Per la crisi climatica, invece, non è così e questo tema è già emerso nel dibattito da alcuni anni.

Secondo il filosofo Timothy Morton, i cambiamenti climatici sono infatti un «iper-oggetto» per la sua entità vasta sia sul piano dello spazio che del tempo.

E, va aggiunto, l’entità «biblica» delle conseguenze catastrofiche della crisi climatica può indurre i singoli a comportamenti oscillanti dal rifiuto cognitivo e la rimozione del messaggio a una rassegnazione che impedirebbe ogni azione.

Silvestrini e Zorzoli indicano in «messaggi tranquillizzanti» come vie di fuga dalla trappola: dunque l’indicazione di azioni positive e obiettivi di sviluppo – come il Green Deal – possono aiutare a evitare un’empasse che potrebbe essere esiziale, pur con tutte le contraddizioni.

Per altri versi, è la stessa conclusione di Paul Krugman che, commentando i devastanti incendi australiani (Il rogo della ragione, la Repubblica 14 gennaio 2020), osserva come da parte delle élite conservatrici repubblicane statunitensi, diversamente dal grande pubblico, la posizione anti-climatica è motivata essenzialmente dalla protezione degli interessi economici di riferimento.

E che dunque solo proponendo piani che abbiano benefici economici e industriali come il Green Deal sia possibile, forse, sbloccare la situazione.

Nel corso dei diversi capitoli è continuamente presente quello che rappresenta il fattore limitante di ogni strategia per combattere la crisi climatica: il tempo.

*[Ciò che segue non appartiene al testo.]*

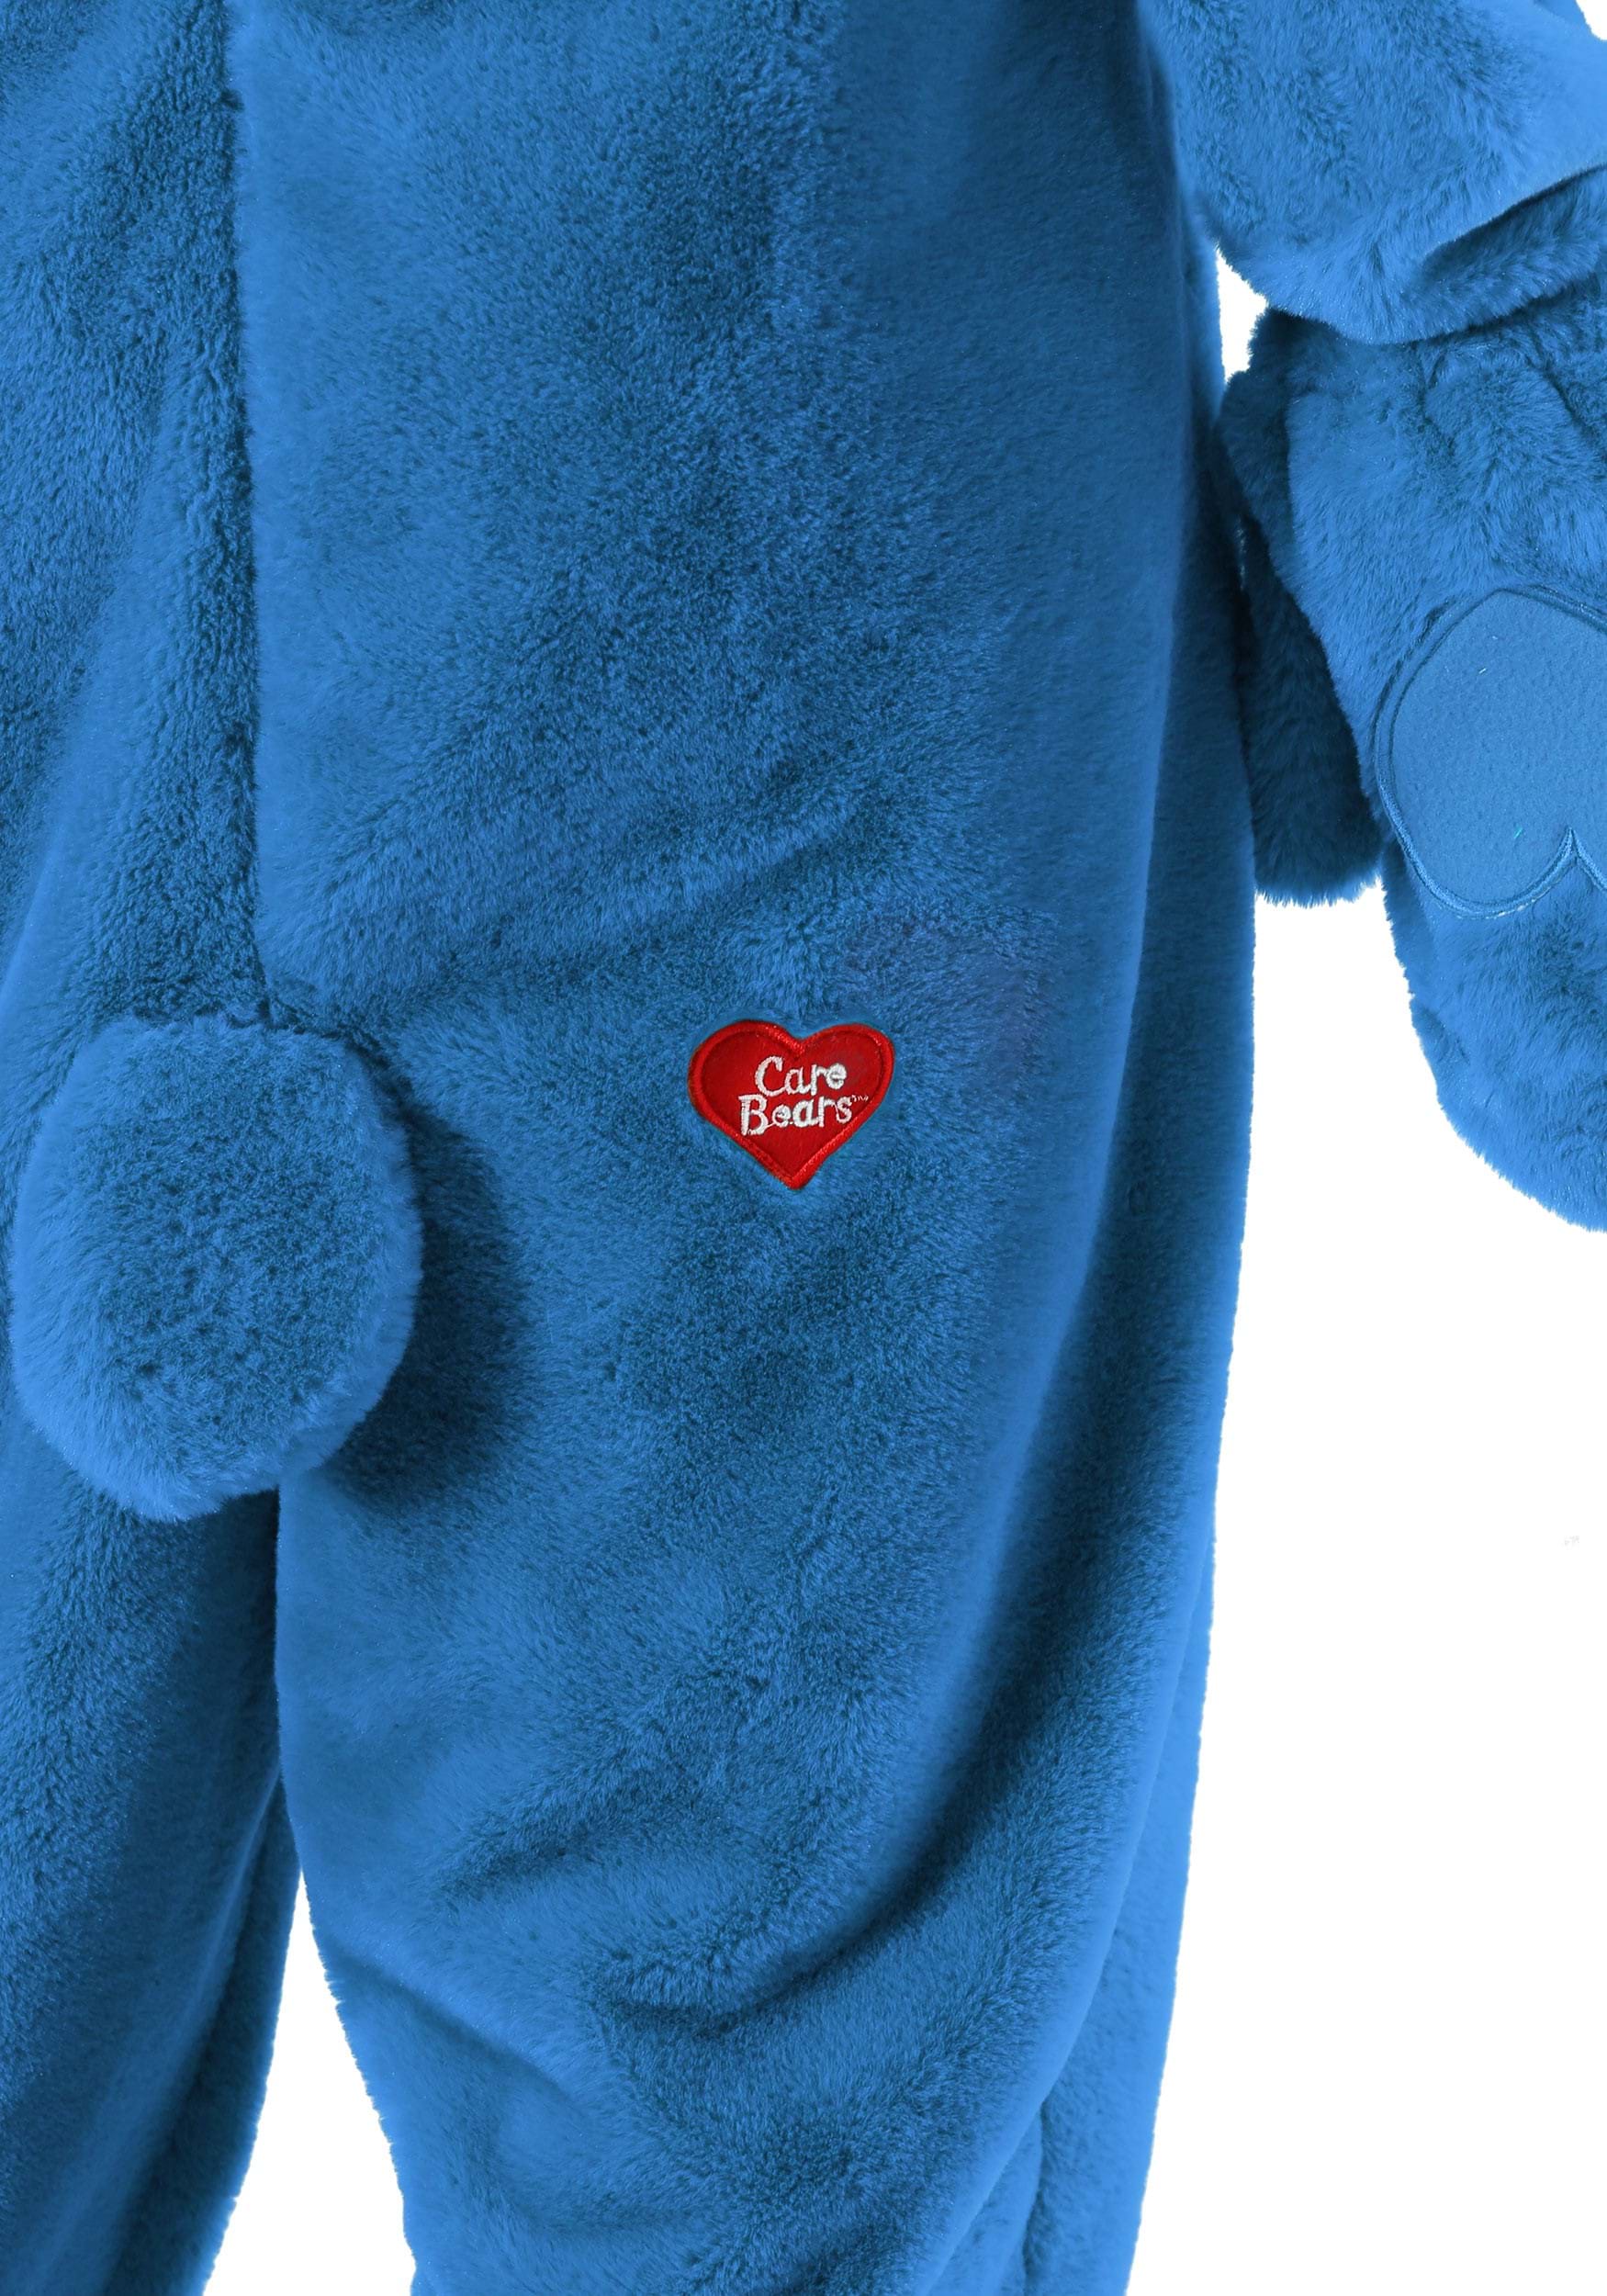 Plus Size Deluxe Care Bears Grumpy Bear Fancy Dress Costume

E, citando Alex Langer – «la conversione ecologica potrà affermarsi soltanto se apparirà socialmente desiderabile» – gli autori identificano una trappola comunicativa – strettamente collegata a quella cognitiva – cercando una comunicazione (o, come si dice oggi, uno storytelling) appropriato:
«I messaggi che si trasmettono devono avere la giusta incisività, evitando però di scivolare nel catastrofismo, con il rischio di creare incredulità (costui le spara troppo grosse) oppure demotivazione (non ce la faremo mai); un equilibrio difficile da conservare, tanto che pochi nel mondo ambientalista sarebbero autorizzati a gettare la prima pietra.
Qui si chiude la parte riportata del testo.